I don't doubt anyone to question it, in fact I expect it at this point and that's why my opening line was rather blunt; BECAUSE this argument/debate whatever you want to call it has come up so often due to the popularity of it vs. the cult fanboys/girls of Battle Royale it's bound to never end.

Also, Lord of the Rings is just the 12 Stages of the Heroes Journey I believe which is a structure that's been beaten to death since God knows what year, so you probably wouldn't catch much shit for changing something unless it's like "Uruk-Hai" now became "Uruh-kai" in which case it'd be pretty much be :

A. you know what you're doing (trolling/phishing)
B. asking for people to call it out on similarities and gaining publicity through it's similarities

Once you start to change things in the 12 Stages the story would become it's own thing and people may not even know you ripped off LoTR, and unlike BR/THG where the ends are the same but the means are different - in this case you would DEFINITELY have to change the ending


----------



## Trespass (Apr 16, 2012)

MFB said:


> I don't doubt anyone to question it, in fact I expect it at this point and that's why my opening line was rather blunt; BECAUSE this argument/debate whatever you want to call it has come up so often due to the popularity of it vs. the cult fanboys/girls of Battle Royale it's bound to never end.
> 
> Also, Lord of the Rings is just the 12 Stages of the Heroes Journey I believe which is a structure that's been beaten to death since God knows what year, so you probably wouldn't catch much shit for changing something unless it's like "Uruk-Hai" now became "Uruh-kai" in which case it'd be pretty much be :
> 
> ...




I think you need to understand the difference between structure and defining elements.

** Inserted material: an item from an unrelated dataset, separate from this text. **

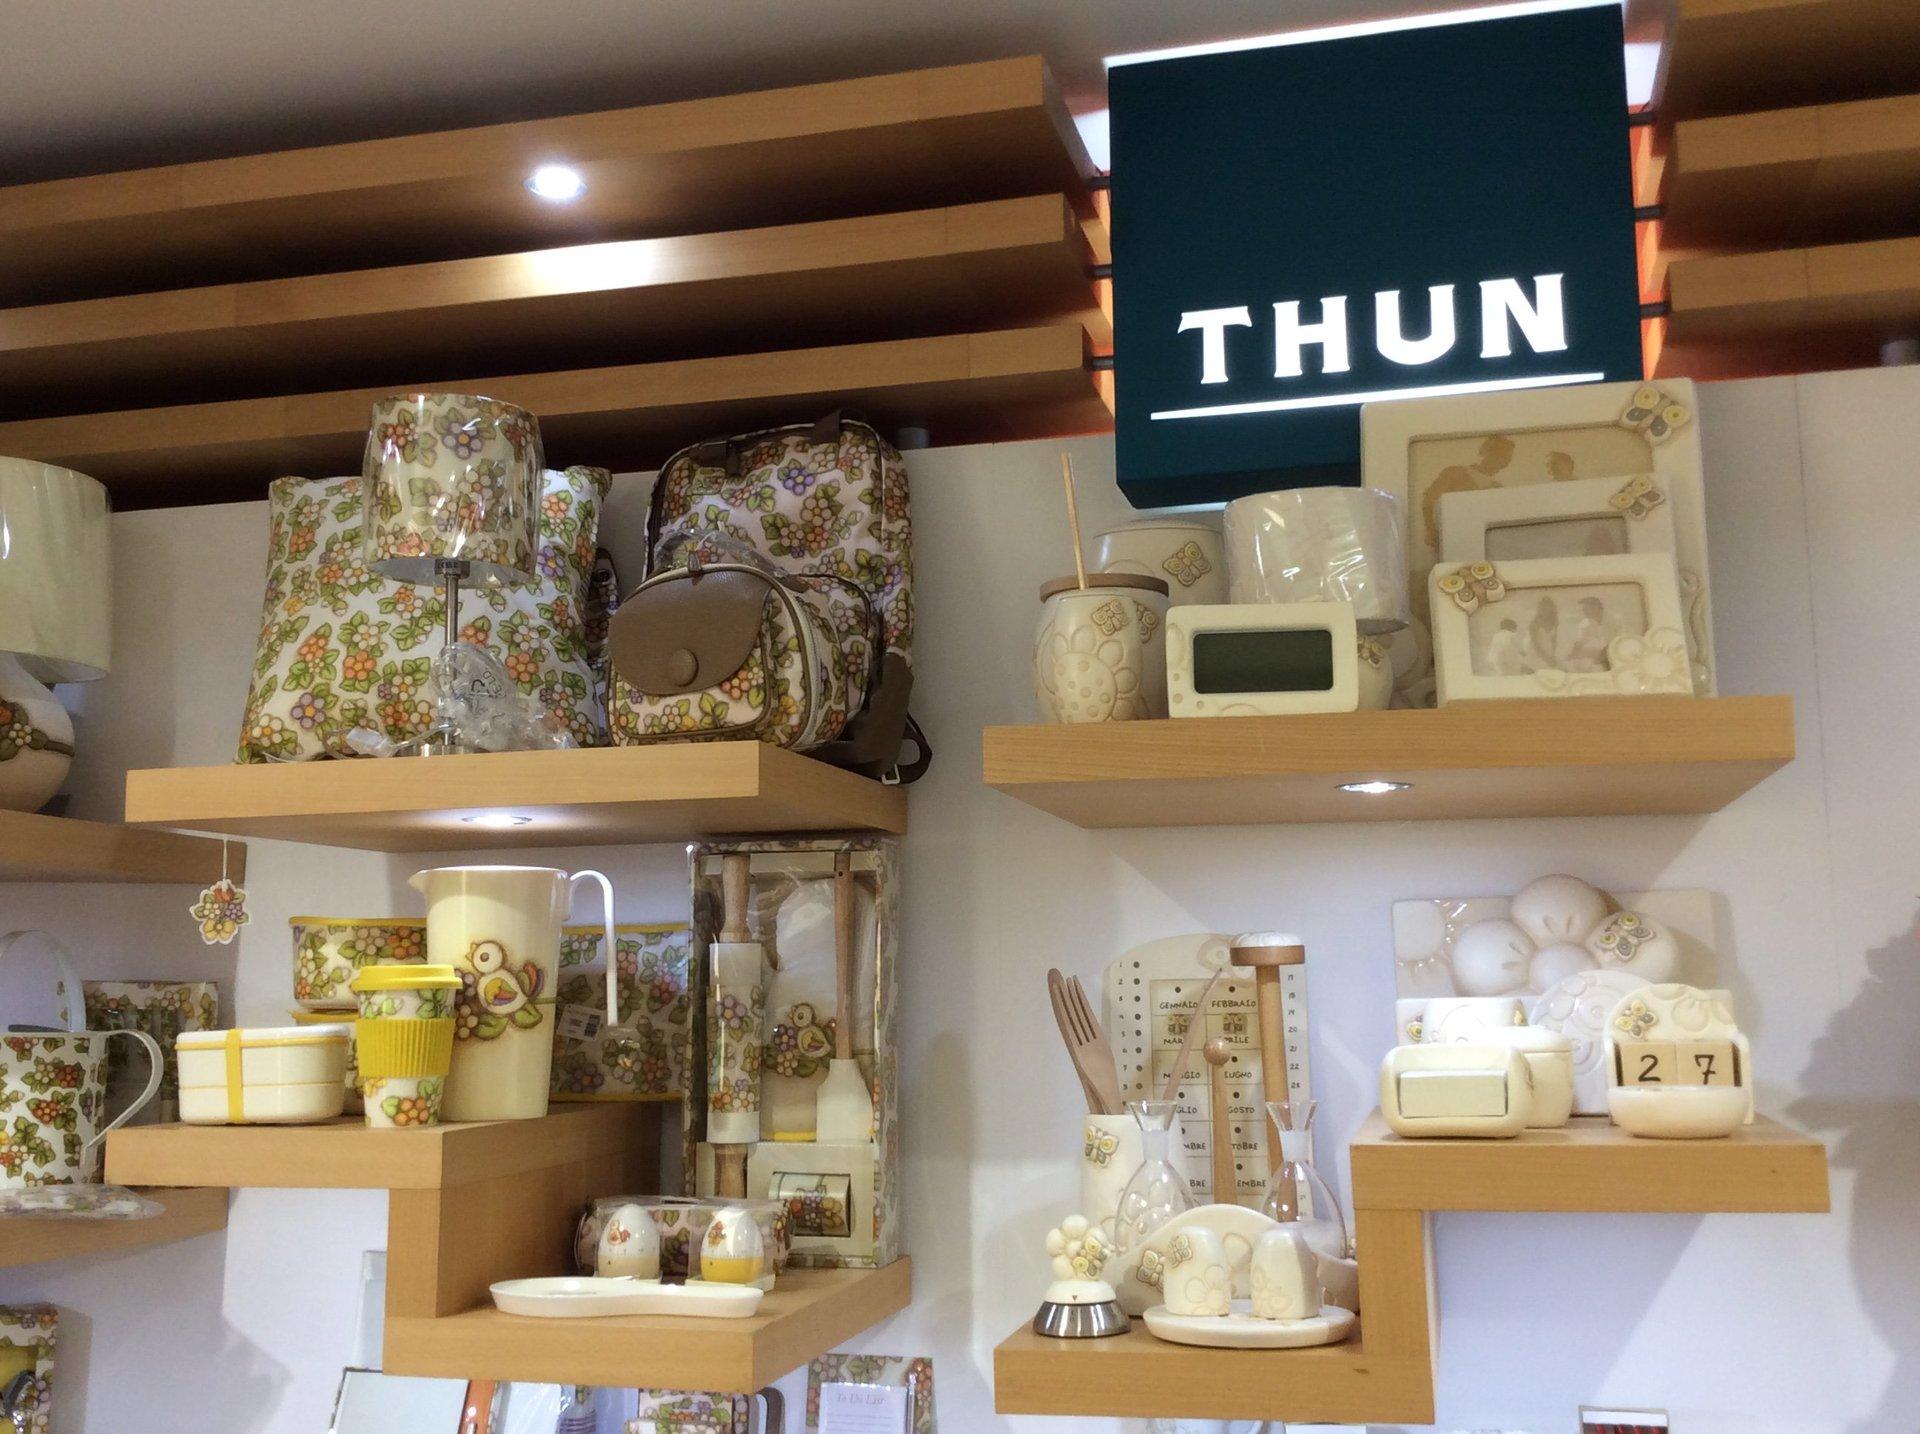 esposizione di articoli Thun

They are all going to indulge in winning formulas (use of a relatable overarching problem, archetypal characters that assist or detract the hero, self-discovery and growth) but it's the quality of execution and story telling that matter, as well as the depth and consistency of the inner world logic.

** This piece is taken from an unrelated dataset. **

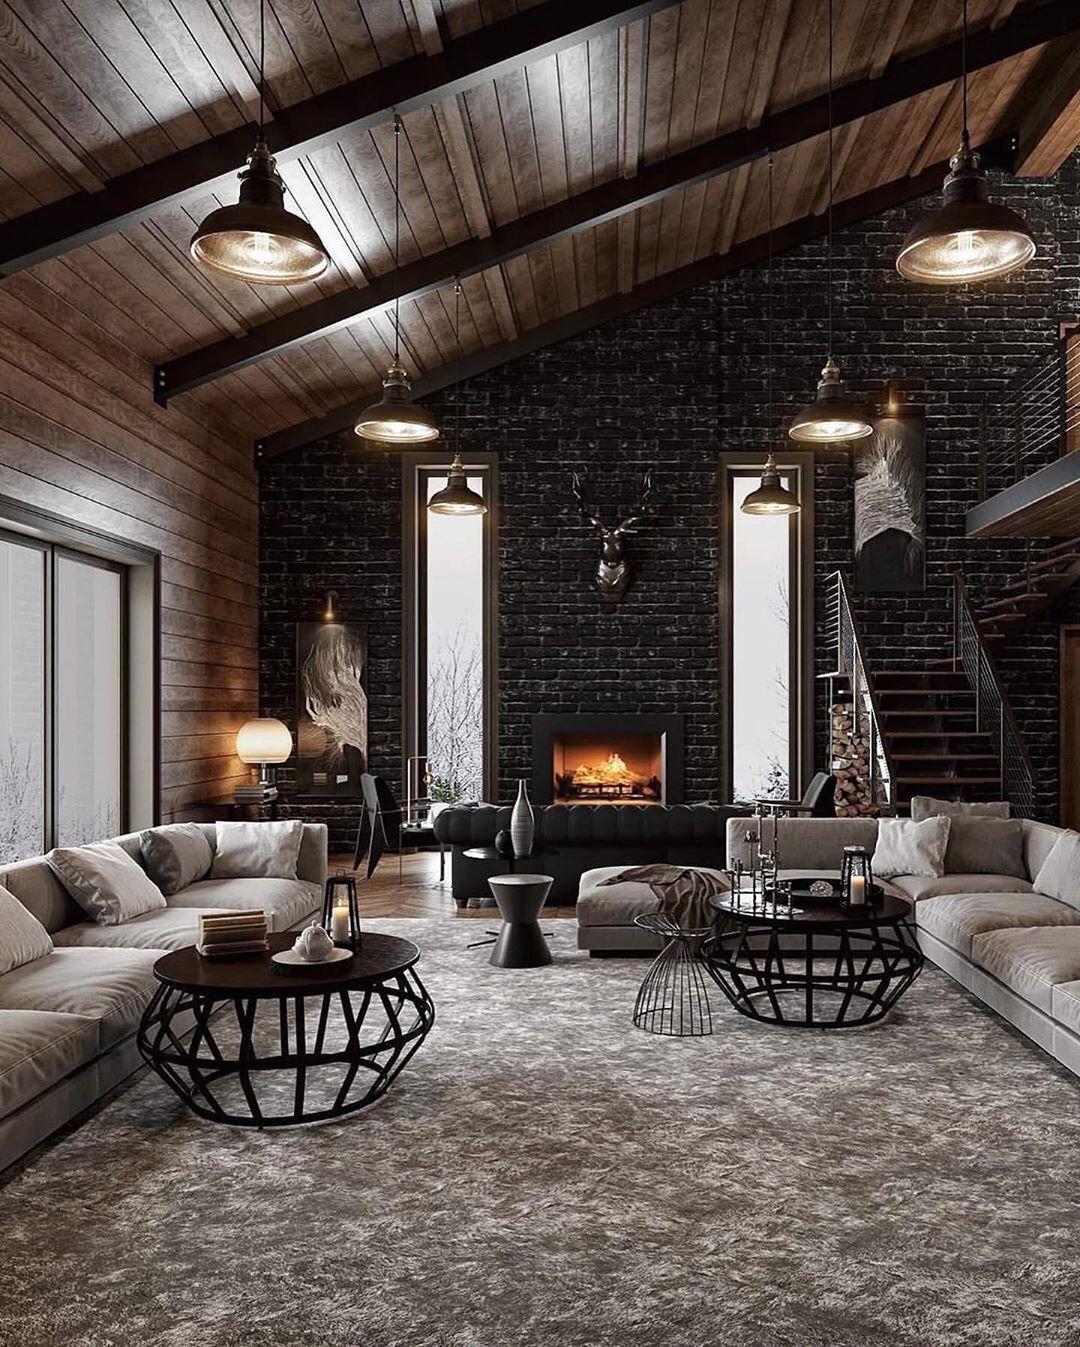 Credit Tips In 2020 Loft Design Loft Interior Design Industrial Interior Design

In this case, the concept was very closely mirrored. The world dynamic and the motivation various opposing forces are so similar to the original Battle Royale, it's quite obvious that she had definitely encountered it.


For the record, I don't think it's a bad thing. Society is weird. If I hear a composer playing a classical piece, and I say "I could probably play that better" and record it, no one would think twice (unless the composer denied me the license to recording/public performance). If I take a terrible movie like that Hulk reboot from 7-8 years ago, and say "I can do that way better" and retool it with your ideas, it's socially acceptable. The same is true with jazz, writing (Twilight could be analyzed under this light as Meyer taking Ann Rice's "vampires are actually sexy and tortured beings" Byronism and updating it with more modern mainstream ideas), engineering etc.

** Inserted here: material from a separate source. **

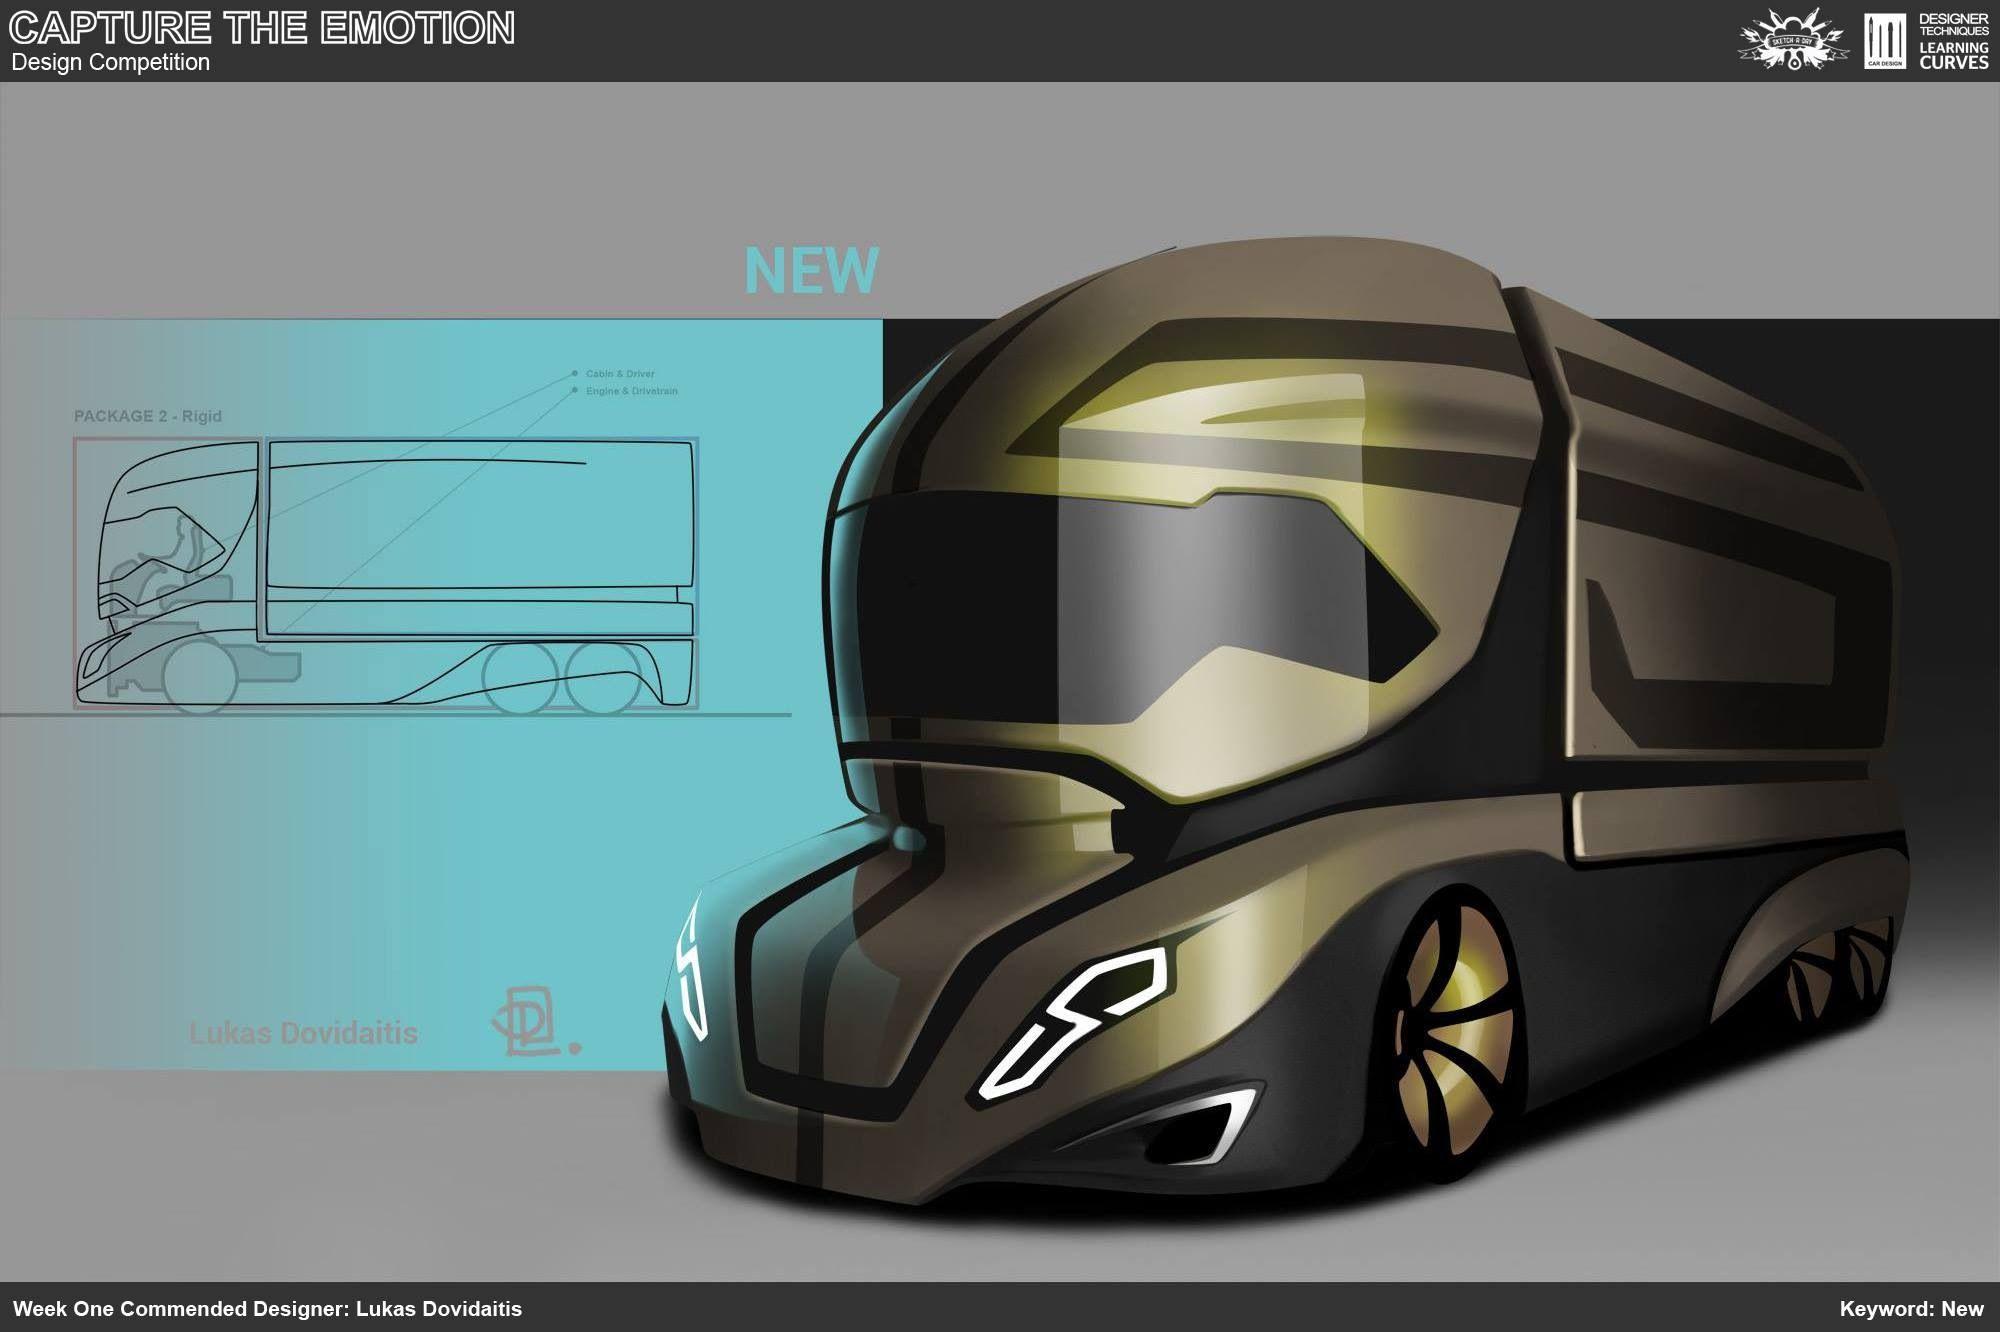 Trucks Design Compeion

If I create a product that specifically competes with Axe FX, then I'd be lauded for creating competition in the market, providing more choice to the consumer etc.


----------



## flint757 (Apr 16, 2012)

Other than for fun purposes the debate is unnecessary. While I enjoyed the first book and I enjoyed the Battle Royale movie (haven't taken in any other form of that series) the sequels to the hunger games and the movie were only okay. There is a lot of character development in the book that if you didn't read the book first in the movie a lot of shit would be like "why are they so close?" kind of thing. That being said they will probably continue with the rest of the series which is going to be meh at best.


----------